For a thousand years in your sight are like a day that has just gone by, or like a watch in the night (about 3 hrs., Psalm 90:4). Teach us to number our days aright, that we may gain a heart of wisdom (verse 12). My son, do not forget my teaching, but keep my commands in your heart, for they will prolong your life many years…(Proverbs 3:1).
And this one, a new favorite…Consecrate the fiftieth year and proclaim liberty throughout the land to all its inhabitants…the fiftieth year shall be a jubilee for you…(Leviticus 25:10 & 11).

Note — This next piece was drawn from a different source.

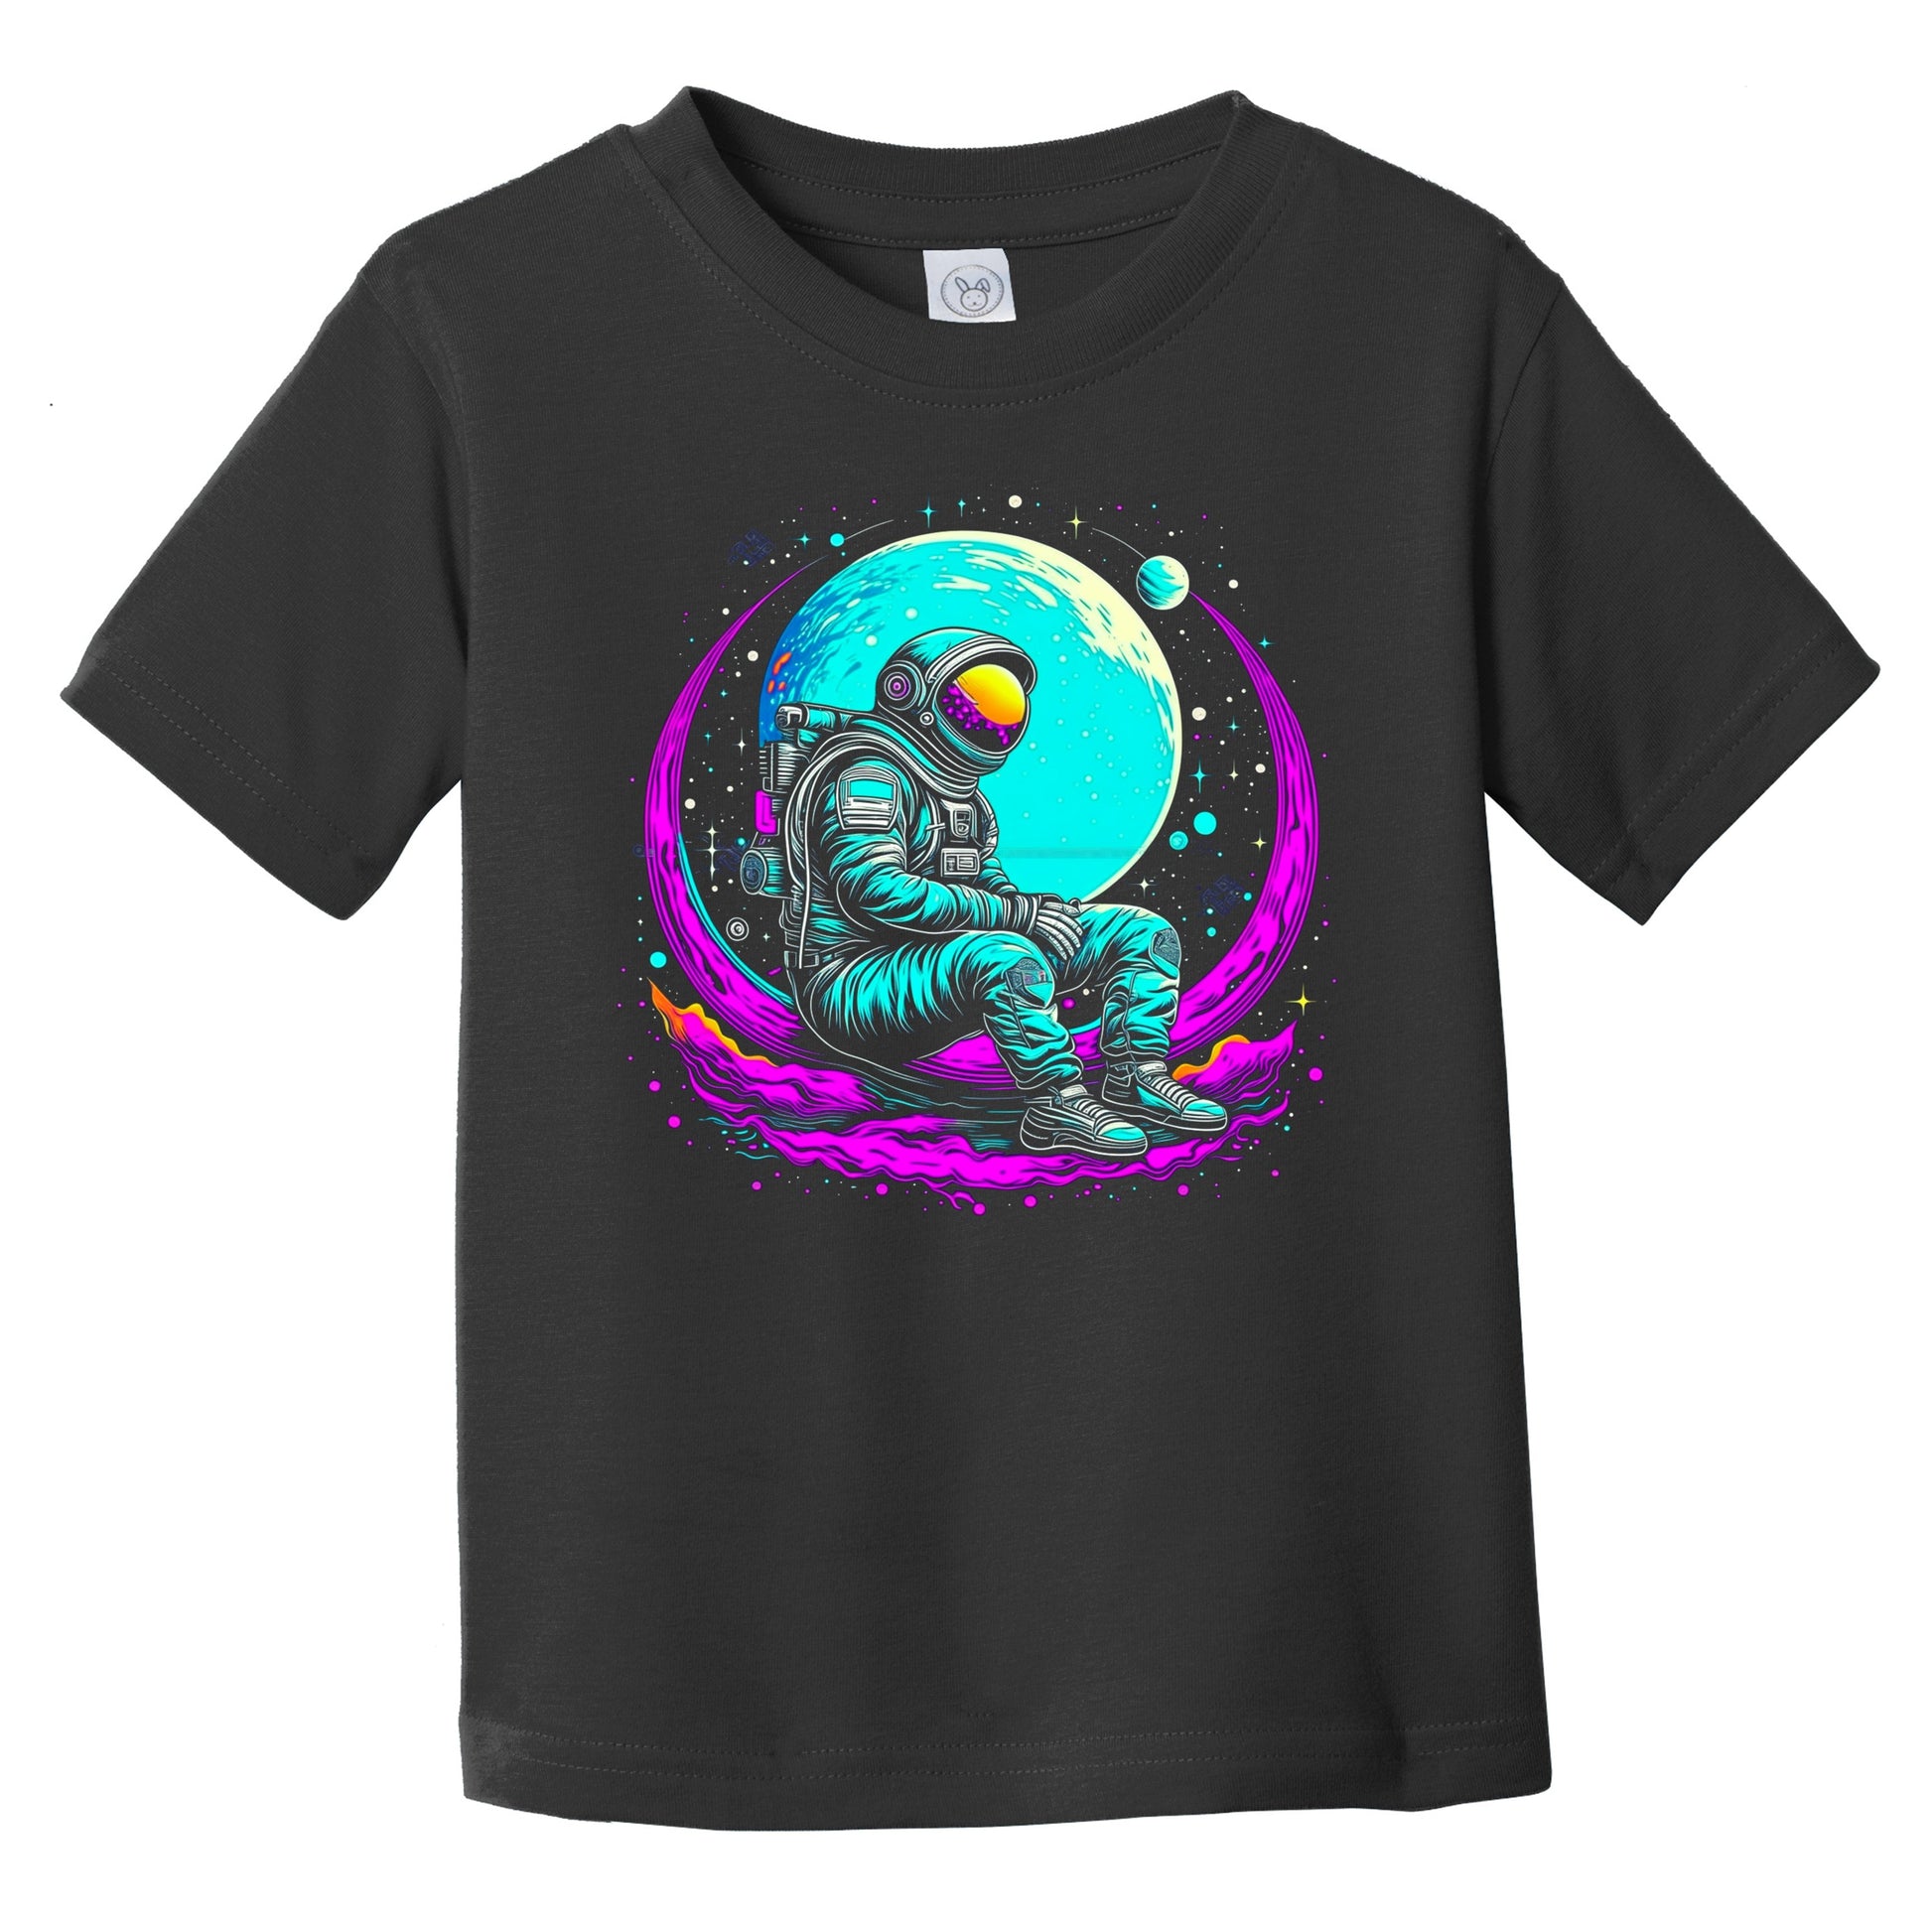 Colorful Bright Astronaut Vibrant Psychedelic Spaceman Art Infant Toddler T-Shirt
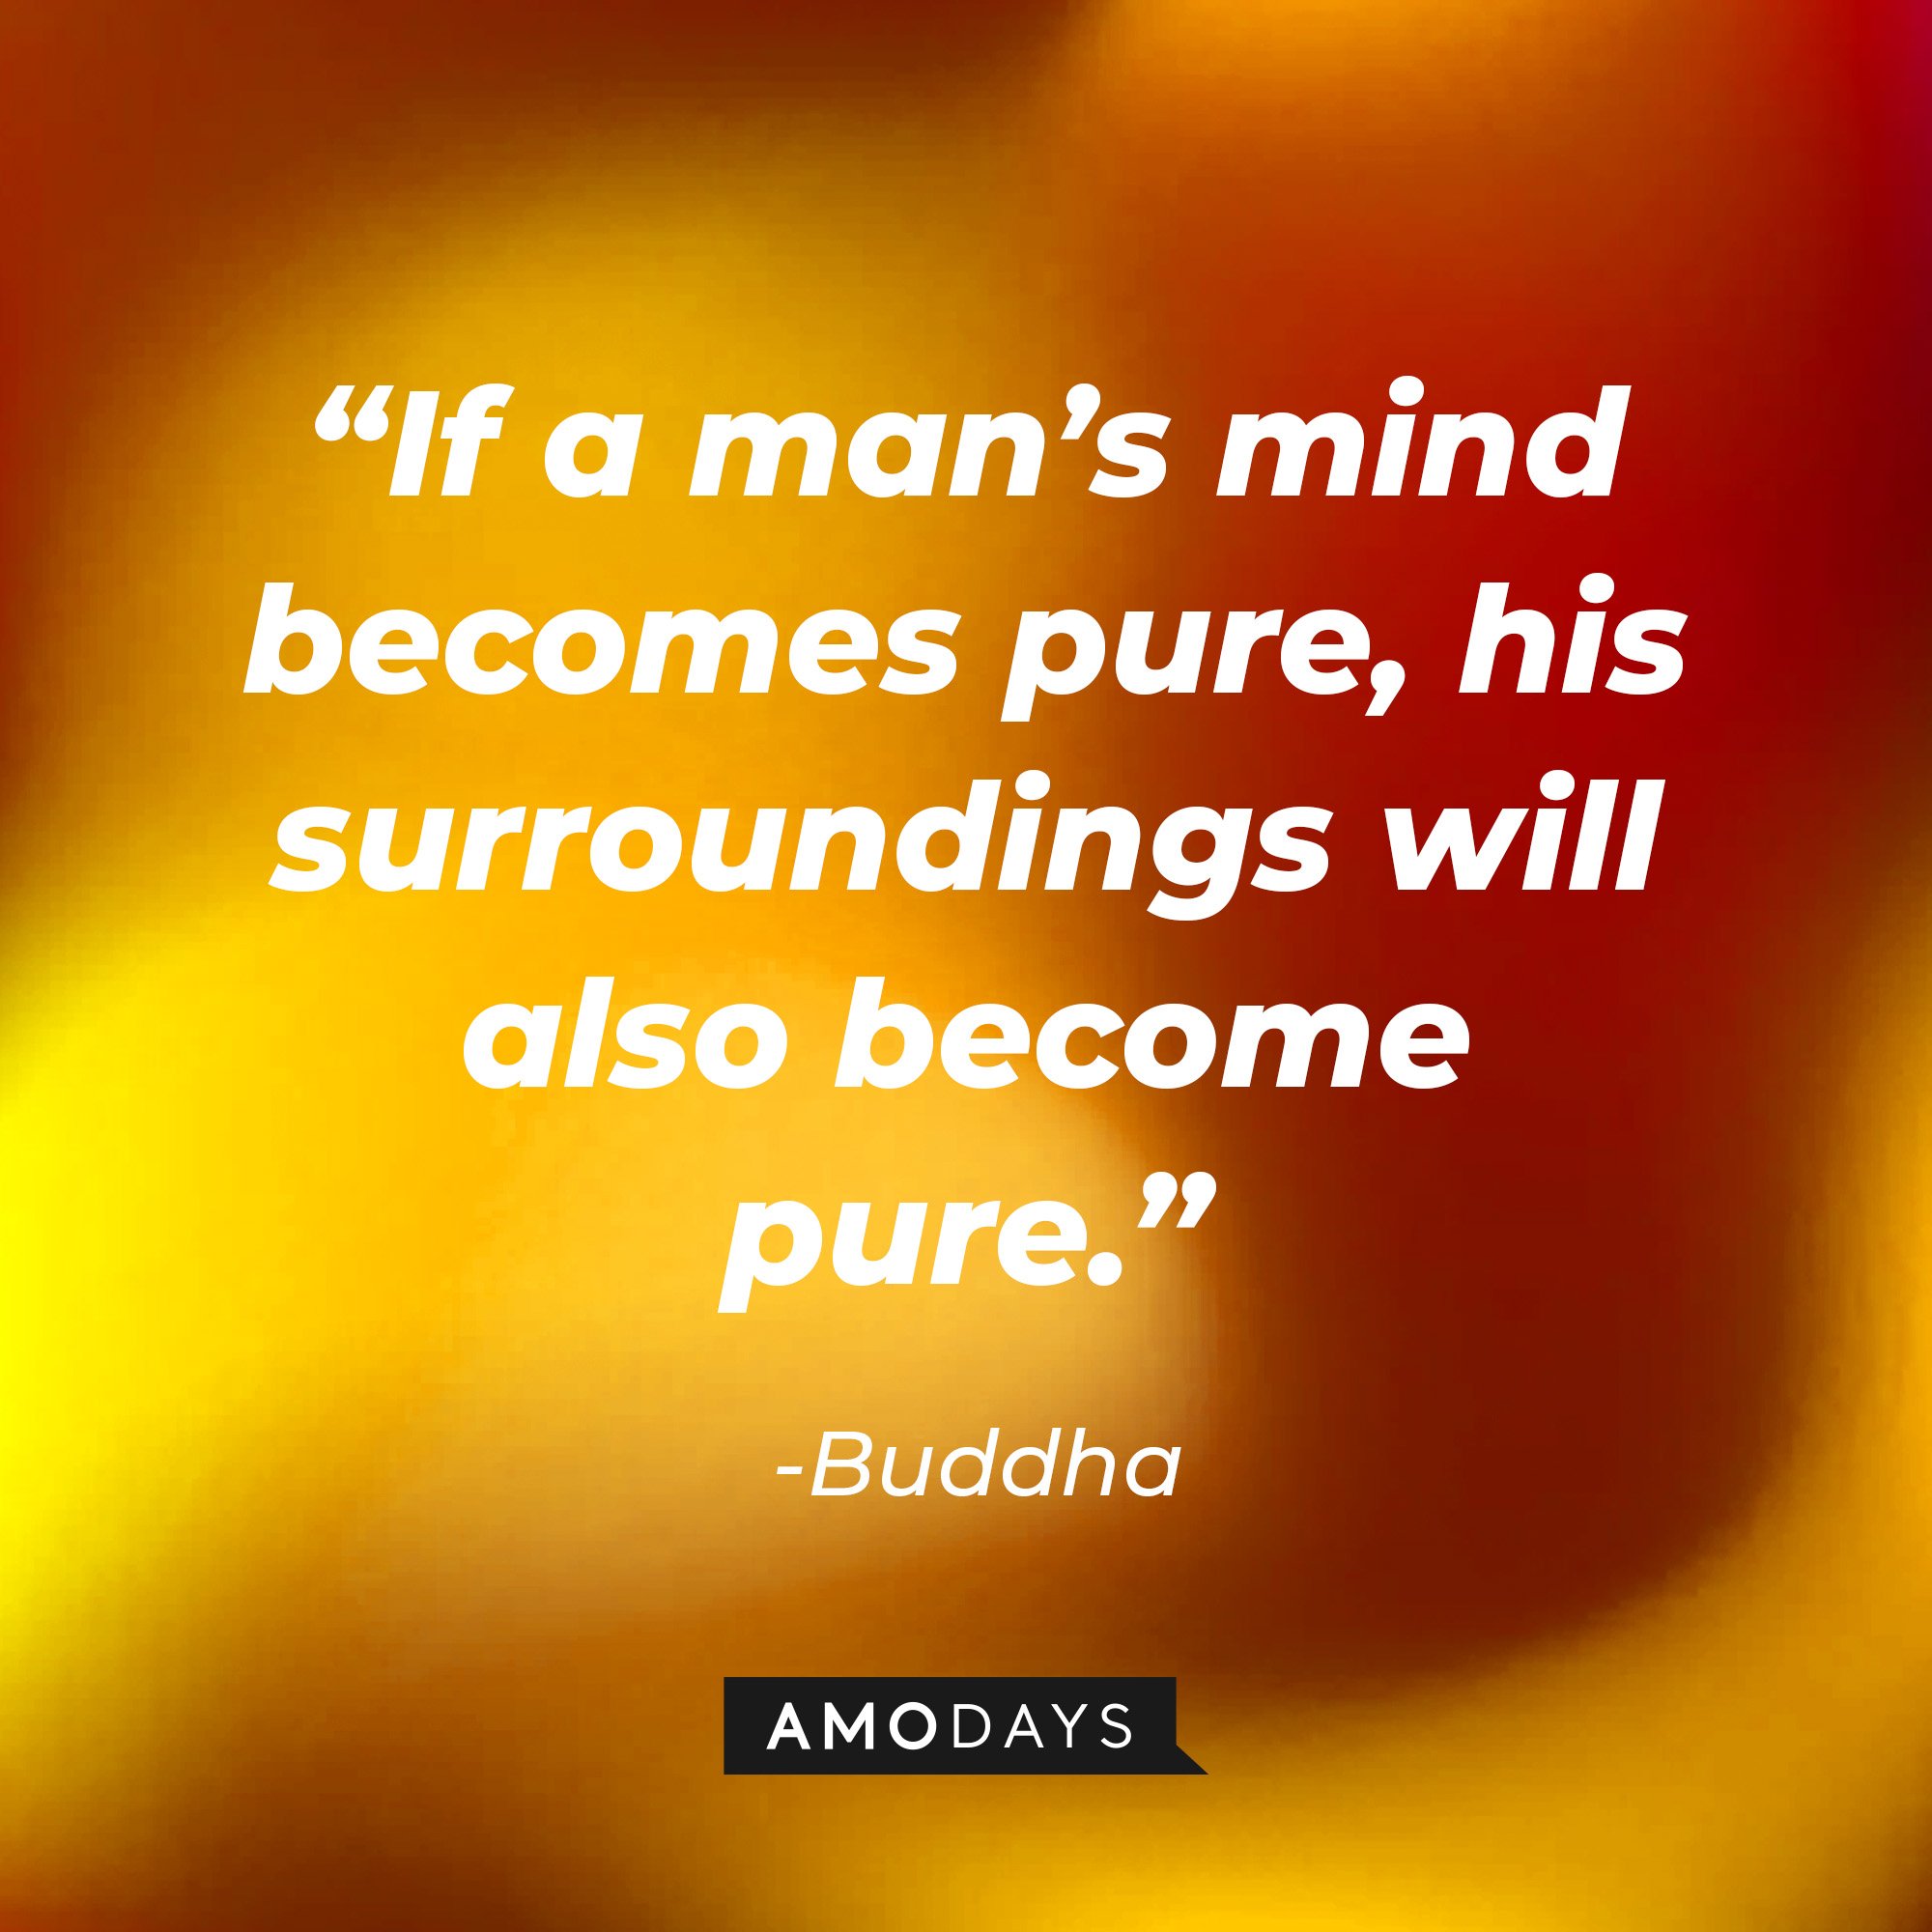 Buddha's quote: “If a man’s mind becomes pure, his surroundings will also become pure.” | Image: AmoDays

Carpenter Husband keeps asking me what I want to do for my fiftieth. I tell him nothing elaborate or expensive. Maybe an intimate gathering with friends and family? A special dinner date, just the two of us? Oh, and I need to remember to ask for chocolate cake. Because chocolate.
All kidding aside, today I’m asking a more important question. How will I spend this fiftieth year of jubilee? O Heavenly Father, Lord of my years, let the lighting of all those candles be a symbol of consecration to You.
And with that, I’ll leave you with your own thoughts and the last part of verse four…
All hail, Redeemer, hail! For Thou has died for me;
Thy praise and glory shall not fail throughout eternity.
Thankful to be born…and born again to live in Christ forevermore. And you can bet I’ll be giving my folks a call.